For those reasons and others, the paper doesn't suggest AI tools replace current scientific research methods just yet. Advocating for a partnered approach, OpenAI said that while the core tools of science, including simulators and algebra systems, are crucial to maintaining precision and efficiency, the reasoning abilities advanced models provide are a valuable step forward.

"Where specialized tools exist, we want to use them; where general reasoning is required, we build models designed to handle it," the company wrote. "Both paths reinforce each other." 

The paper emphasized that scientists should remain in charge by defining questions, critiquing concepts, and checking results -- GPT-5, in this case, provides speed and reach to scale that expertise. Like basic forms of prompt engineering, OpenAI noted that scientists must learn to communicate with GPT-5 for the best results, and that ultimately, "productive work often looks like dialogue" between humans and the model -- a common theme across many AI tools and assistants pitched as copilots or drafting companions, though those are often built for simpler consumer tasks.
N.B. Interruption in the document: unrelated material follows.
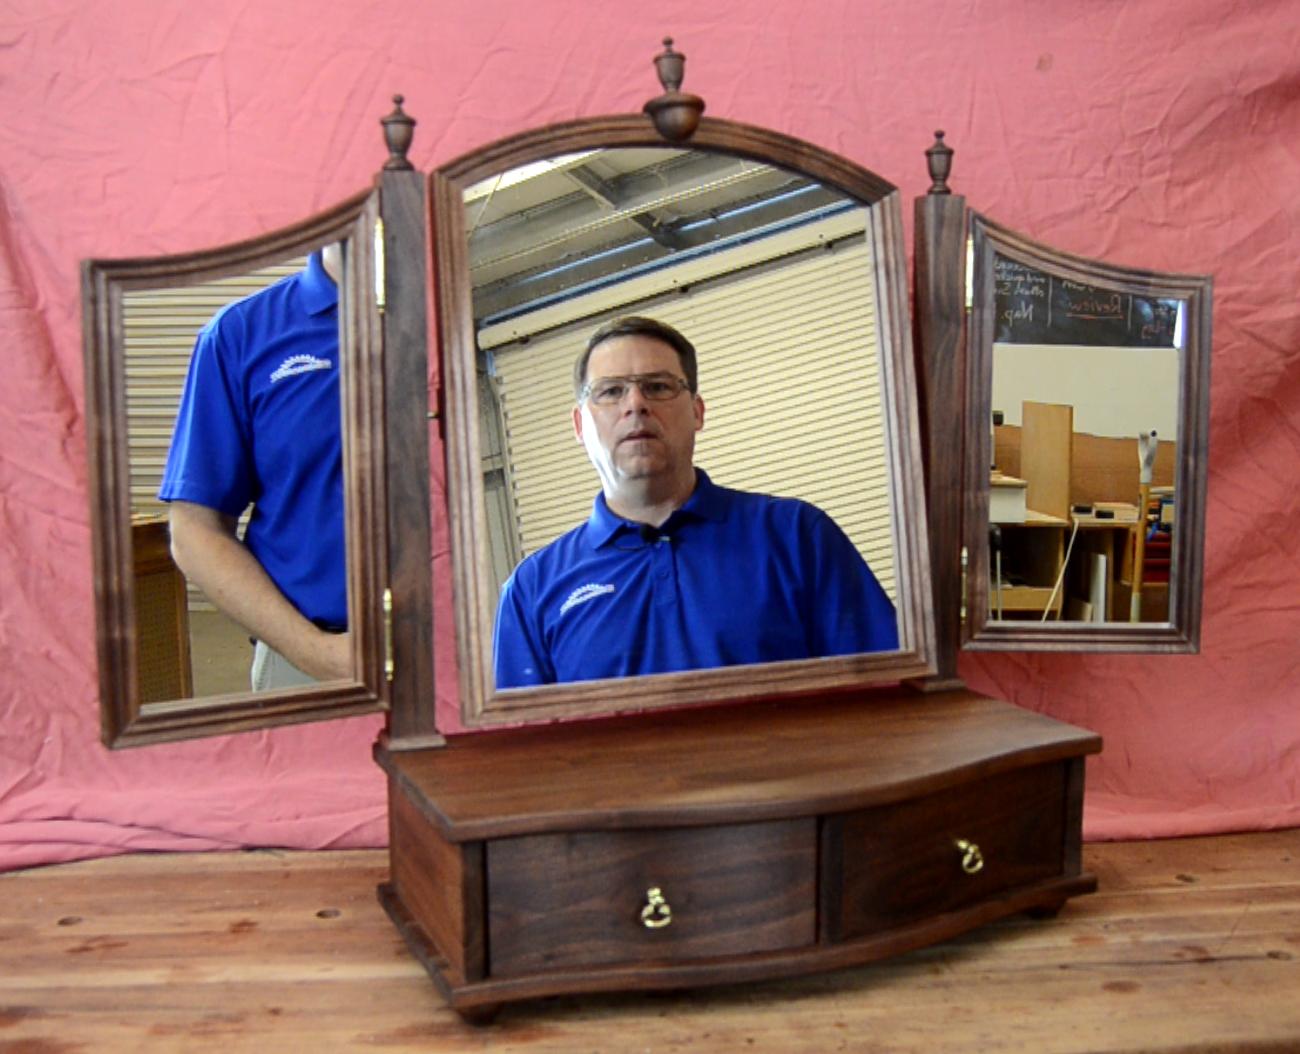 S2 E5 Triptych Dressing Mirror

Also: 10 ChatGPT prompt tricks I use - to get the best results, faster

The paper suggested that GPT-5 is at most approaching the level of a research partner, with some limitations. In another use case, combinatorialist Tim Gowers gave the model several tough questions he was working on and asked it for feedback, critique, and counterexamples. GPT-5 found flaws and offered simpler arguments in some instances, but stalled out or didn't make any progress in others.

"Gowers' overall conclusion was that the model is already useful as a very fast, very knowledgeable critic that can stress-test ideas and save time, even though it does not yet meet his bar for full co-authorship," OpenAI concluded. 

AGI isn't here - yet 

Ultimately, the OpenAI for Science paper exemplifies GPT-5's strengths in refining and assisting -- filling in gaps rather than going toe-to-toe with human minds. While OpenAI acknowledged that models have surpassed just summarizing existing information, that doesn't mean the company is prepared to say GPT-5 is an indicator of AGI.

"We don't view these results as signs that we are close to AGI or a fully capable 'research intern,'" the company told in a statement, referring to Altman's comment in last month's live stream that OpenAI will release a model with intern-equivalent research capabilities by September 2026. "Benchmarks across the field are saturating, so we are putting more of an emphasis on testing a model's capabilities, including how the models work in scientific workflows. That gives us a clearer picture of actual capability and limitations."